Omit the images, then repeat the listing exactly.

◆ SOURCE MATERIAL

--------------------

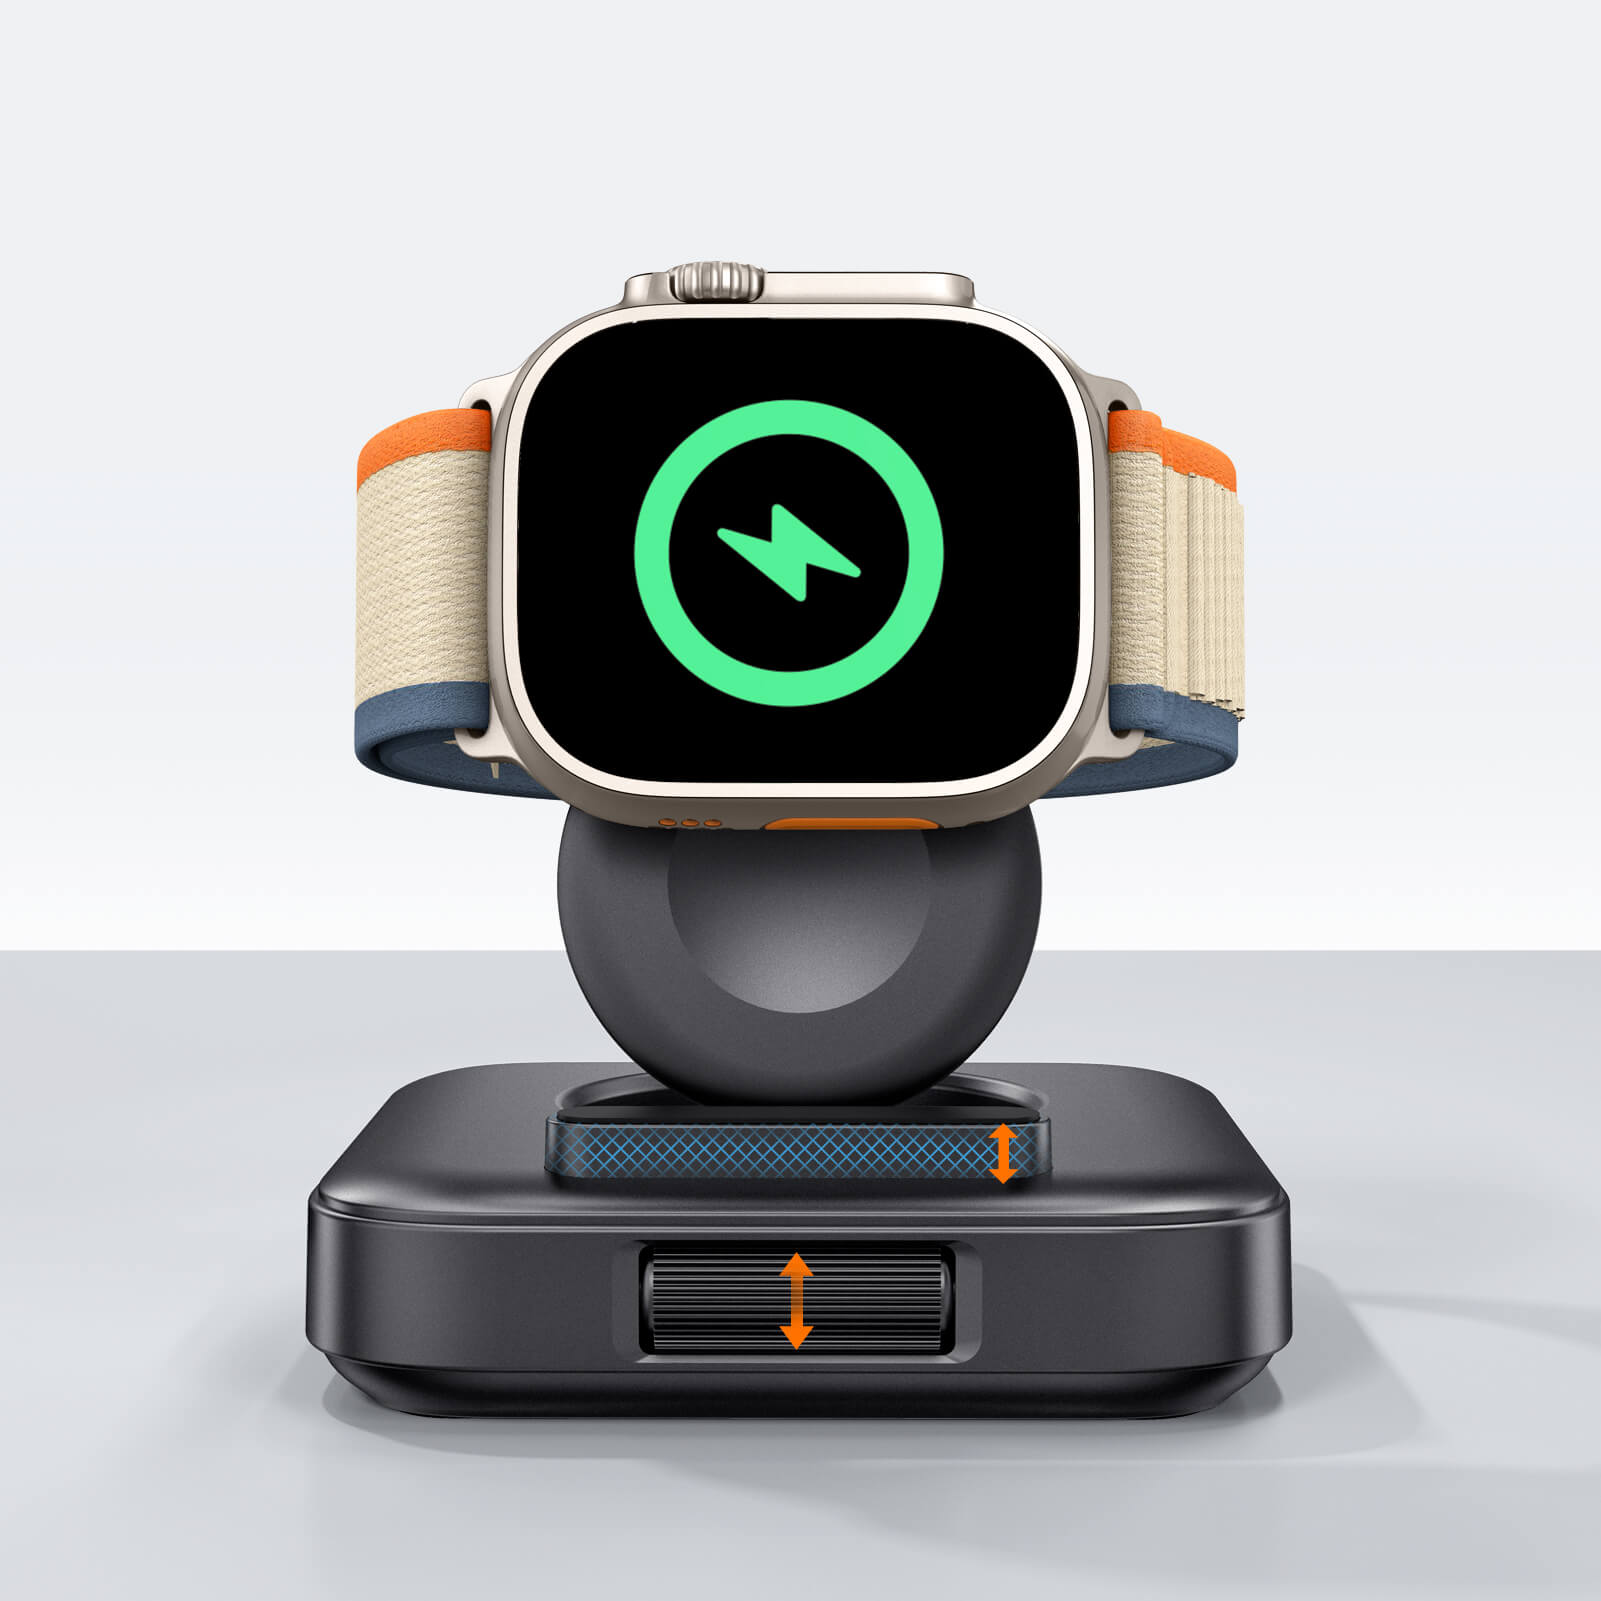 Charging Station for Apple Watch: Foldable & Portable Design, Safe Charging, Case Friendly, with Intelligent LED Indicator. The SwanScout Charging Station for Apple Watch is designed for on-the-go power and speed, ensuring your Watch devices stay charged wherever you are.
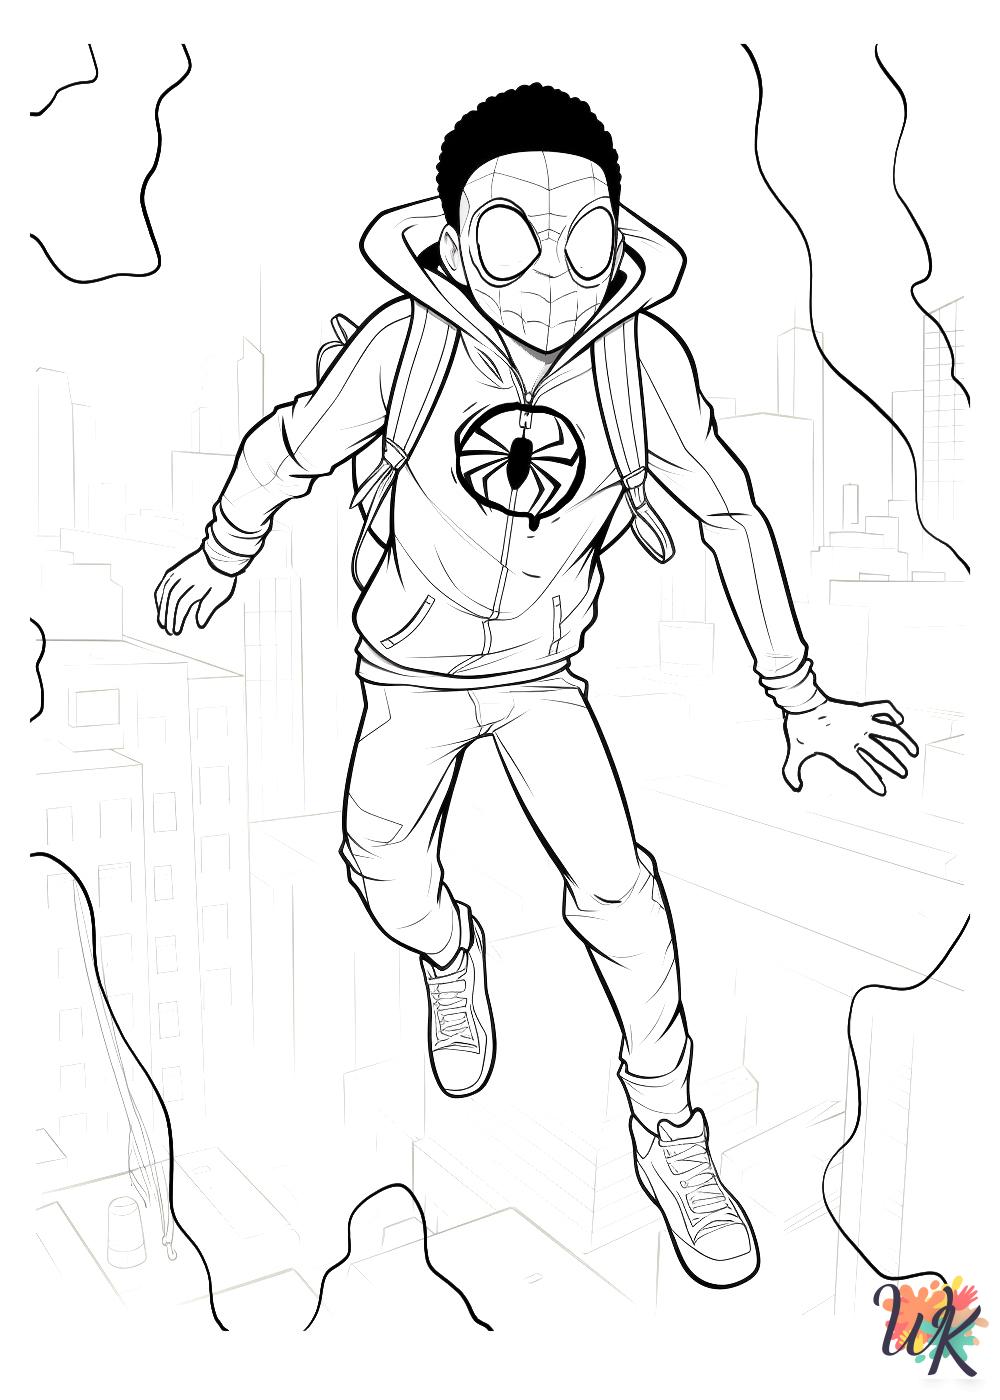 Miles Morales coloring pages for kids
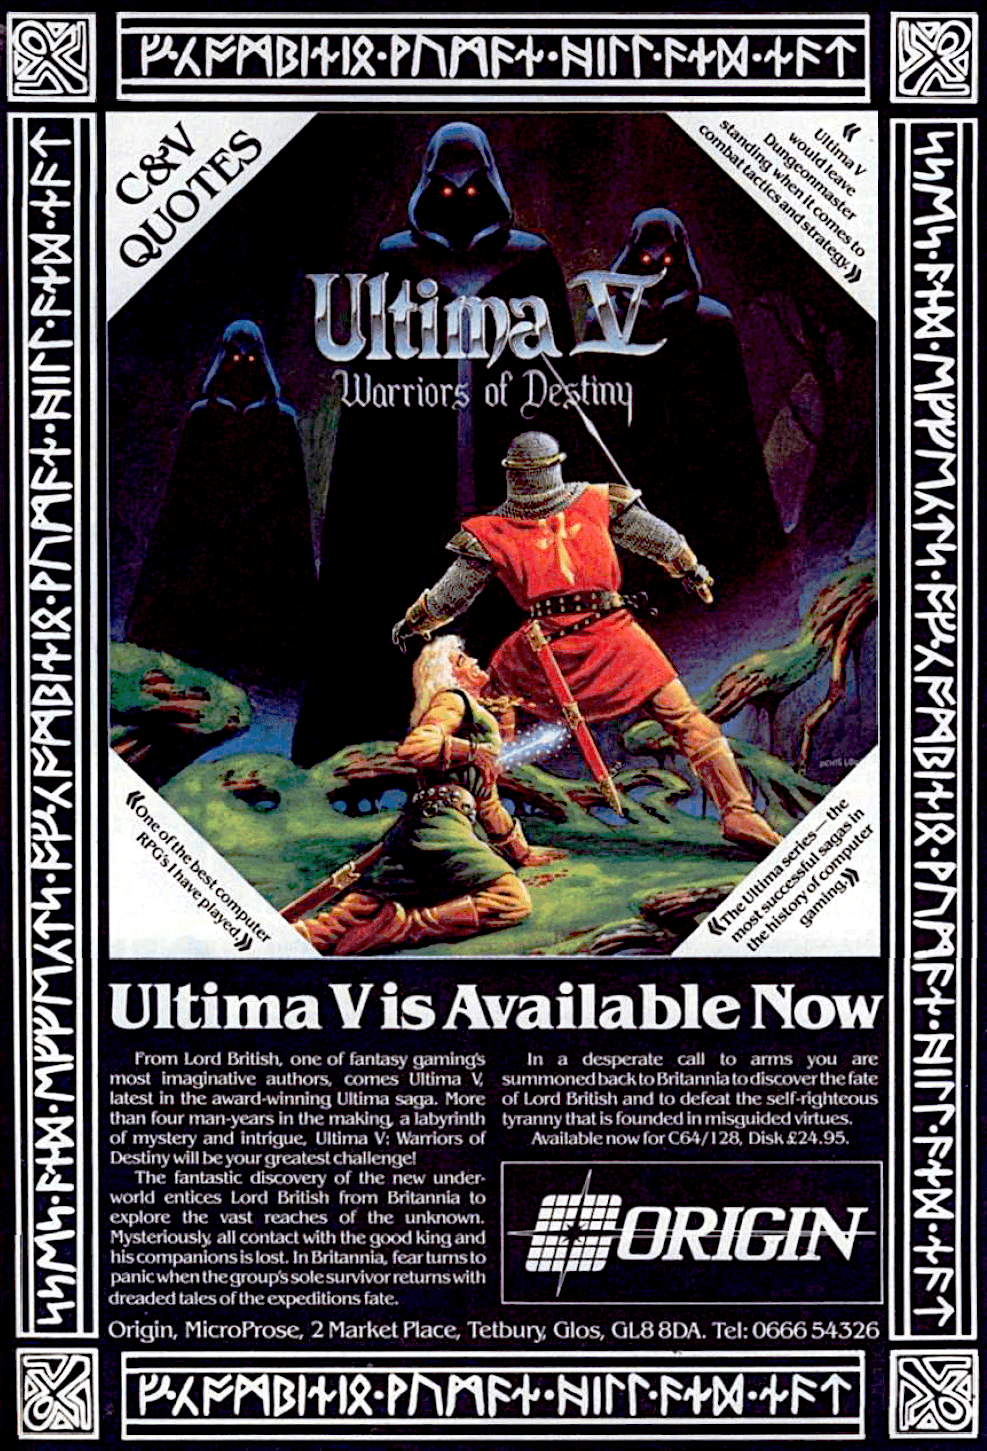 Image For Post | Ultima V: Warriors of Destiny (1988) is the fifth entry in the role-playing video game series Ultima. It is the second in the "Age of Enlightement" trilogy. The game's story take a darker turn from its predecessor Ultima IV. Britannia's king Lord British is missing, replaced by a tyrant named Lord Blackthorn. The player must navigate a totalitarian world bent on enforcing its virtues through draconian means.

--------------------

◆ EXERCISE RESULT
 Charging Station for Apple Watch: Foldable & Portable Design, Safe Charging, Case Friendly, with Intelligent LED Indicator. The SwanScout Charging Station for Apple Watch is designed for on-the-go power and speed, ensuring your Watch devices stay charged wherever you are.
 Miles Morales coloring pages for kids
 Image For Post | Ultima V: Warriors of Destiny (1988) is the fifth entry in the role-playing video game series Ultima. It is the second in the "Age of Enlightement" trilogy. The game's story take a darker turn from its predecessor Ultima IV. Britannia's king Lord British is missing, replaced by a tyrant named Lord Blackthorn. The player must navigate a totalitarian world bent on enforcing its virtues through draconian means.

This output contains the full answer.